Chapter 1: | Gatekeepers and Categories: Gender in Military Life |
By understanding the nation’s investment in the military in terms of both its financial burden to Americans and the number of citizens who serve or have served, one can see why the military is generally widely studied by historians, sociologists, economists, national-security specialists, and various other scholars and researchers. However, linguistic research is rare in the military environment, probably due to problems of access. Despite being a very public institution with representation in most states, the military is still a very circumscribed and closed society.

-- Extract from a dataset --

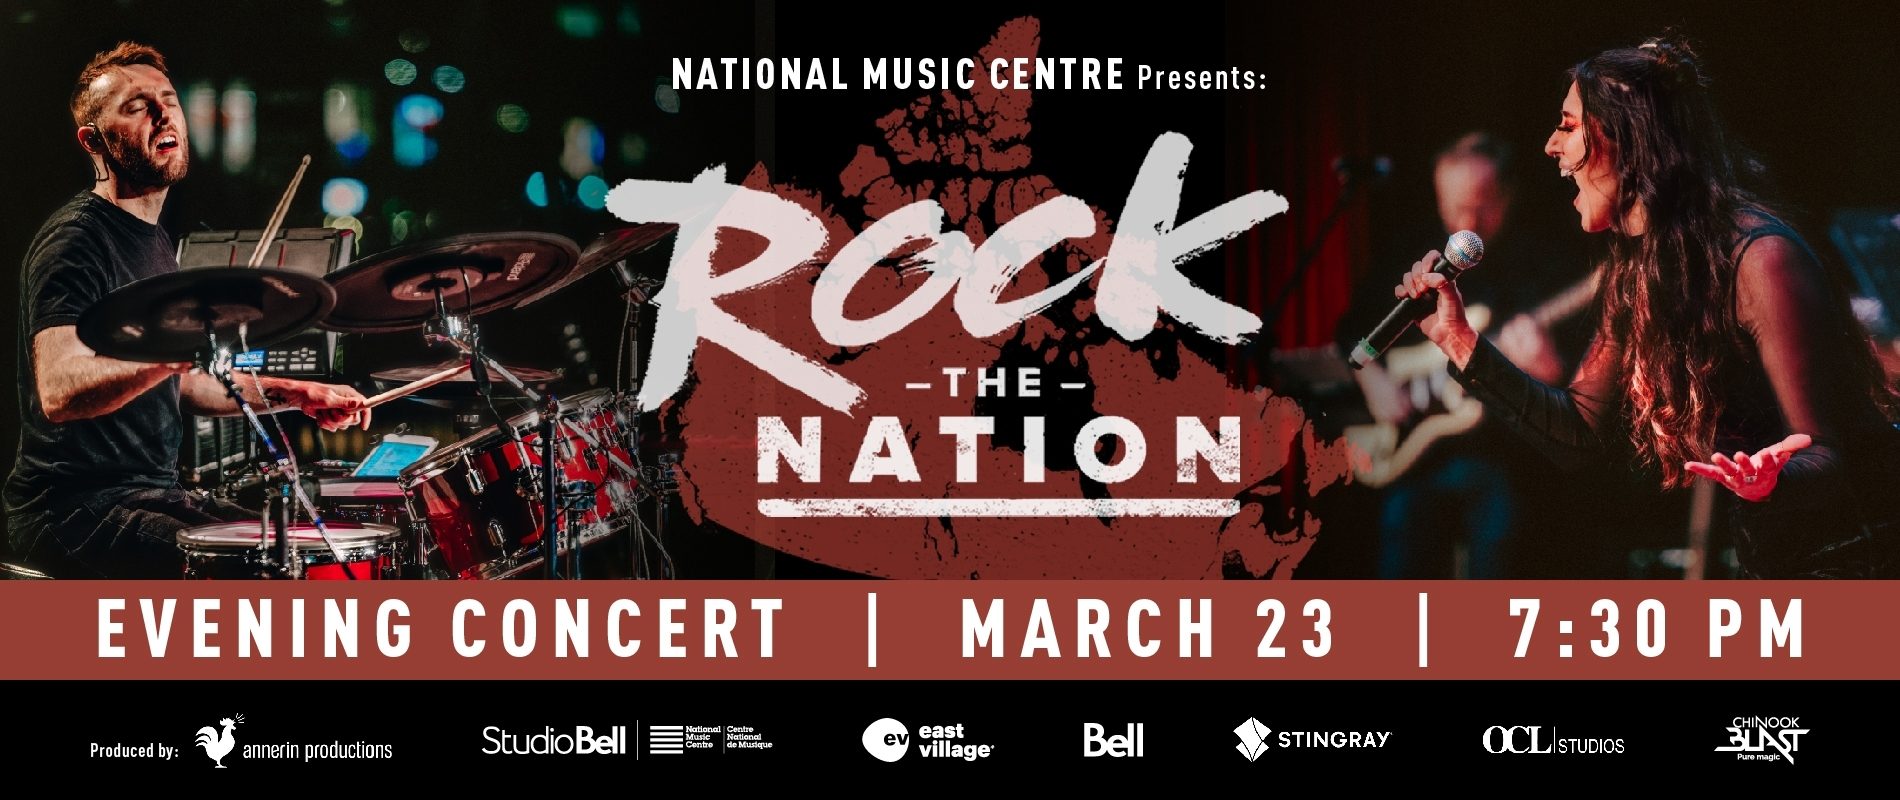 NMC Presents: Rock the Nation Evening Concert
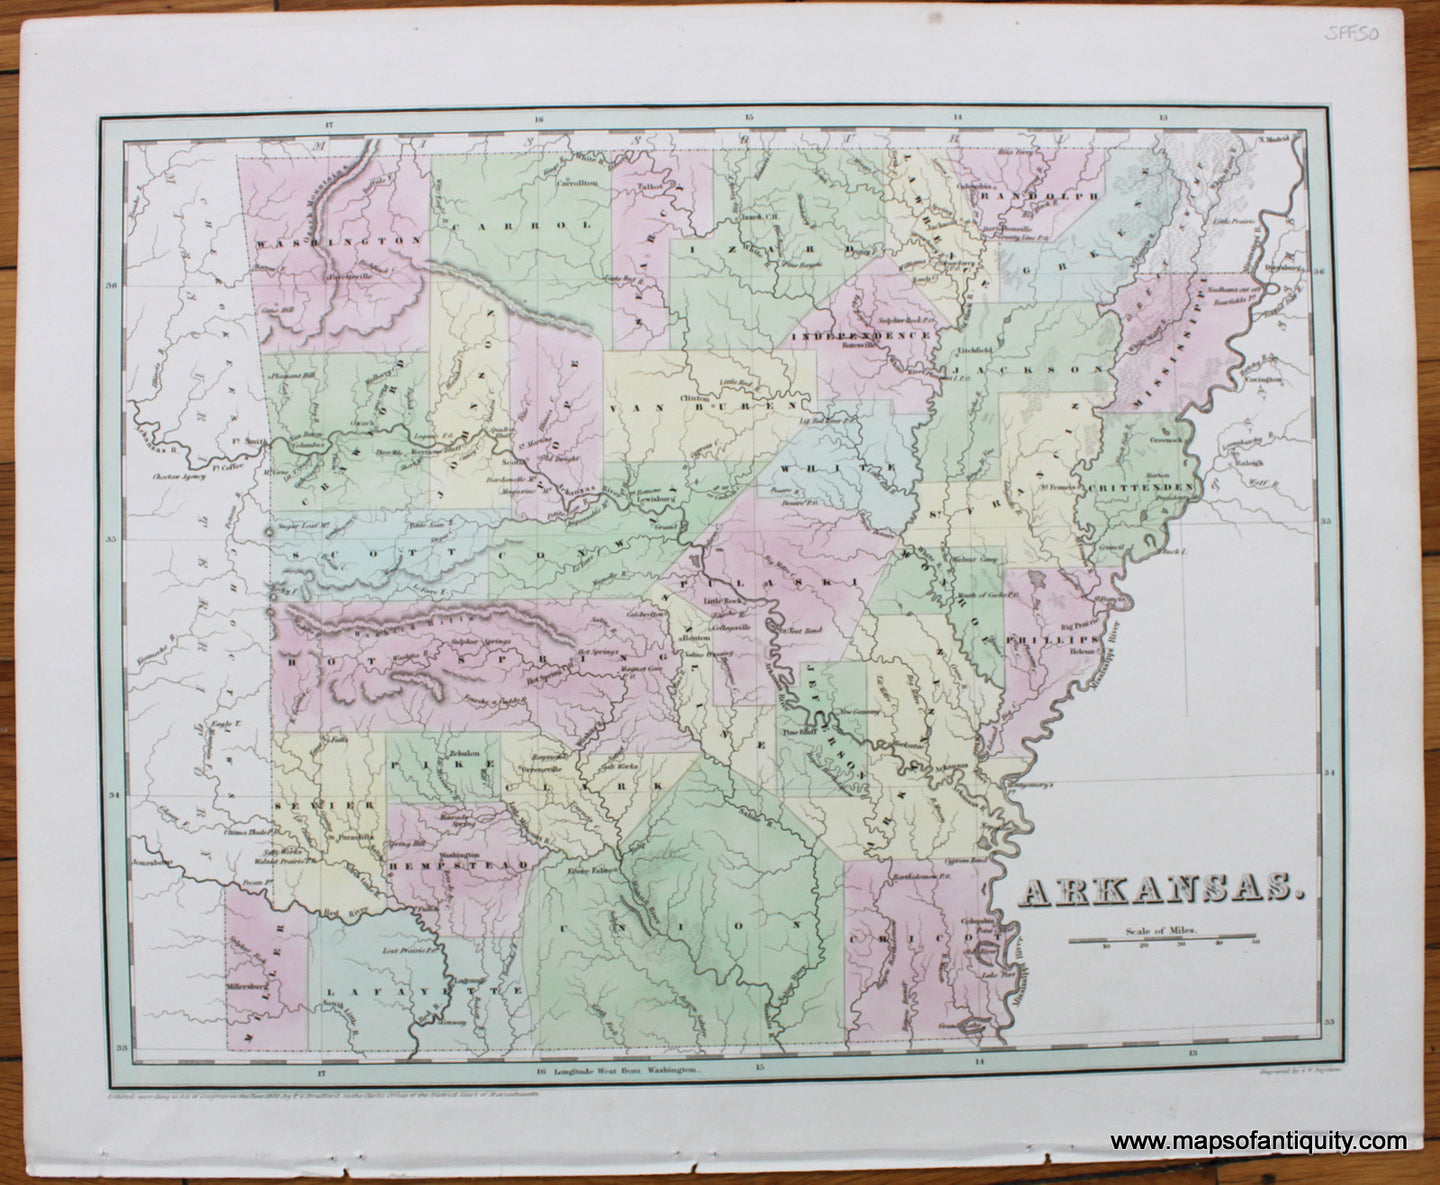 Antique-Hand-Colored-Map-Arkansas.-United-States-South-1838-Bradford-Maps-Of-Antiquity

From a sociolinguistic perspective, the large number of people who serve or have served flags the significant social influence military service brings to personal, regional, and national identities. Further, the predominance of males facilitates sociolinguistic interest in the military milieu: significantly, 96 percent of the 26 million living American veterans are male. As a more finite example of the importance of military service to American identity, consider the fact that in the buildup to the 2004 presidential election, much was made of the military-service records of candidates George W. Bush and John Kerry, and going into the 2008 election, that of John McCain. As candidates, their military records were measured against the national memory of Vietnam in the context of what some have metaphorically termed “another Vietnam” in Iraq. Indeed, in generations that came of age during periods in which compulsory military service was enacted (the first peacetime draft being enacted in 1940 and the most recent draft ending in 1973), time in active military service was a formative experience for American men. Linguistically, however, the military experience has gone relatively unexamined. For the moment, I shall say that one of my aims is, in the spirit of the work of sociologist Erving Goffman, to begin to closely examine the underlying assumptions of even the seemingly mundane social constructs of military discourse.
Whether the compulsory service of previous generations, or voluntary service as has been in place since 1973, military service draws young people from all over the country, from different backgrounds, speech communities, and social classes, and links them through the training, experience, and language norms of the military environment.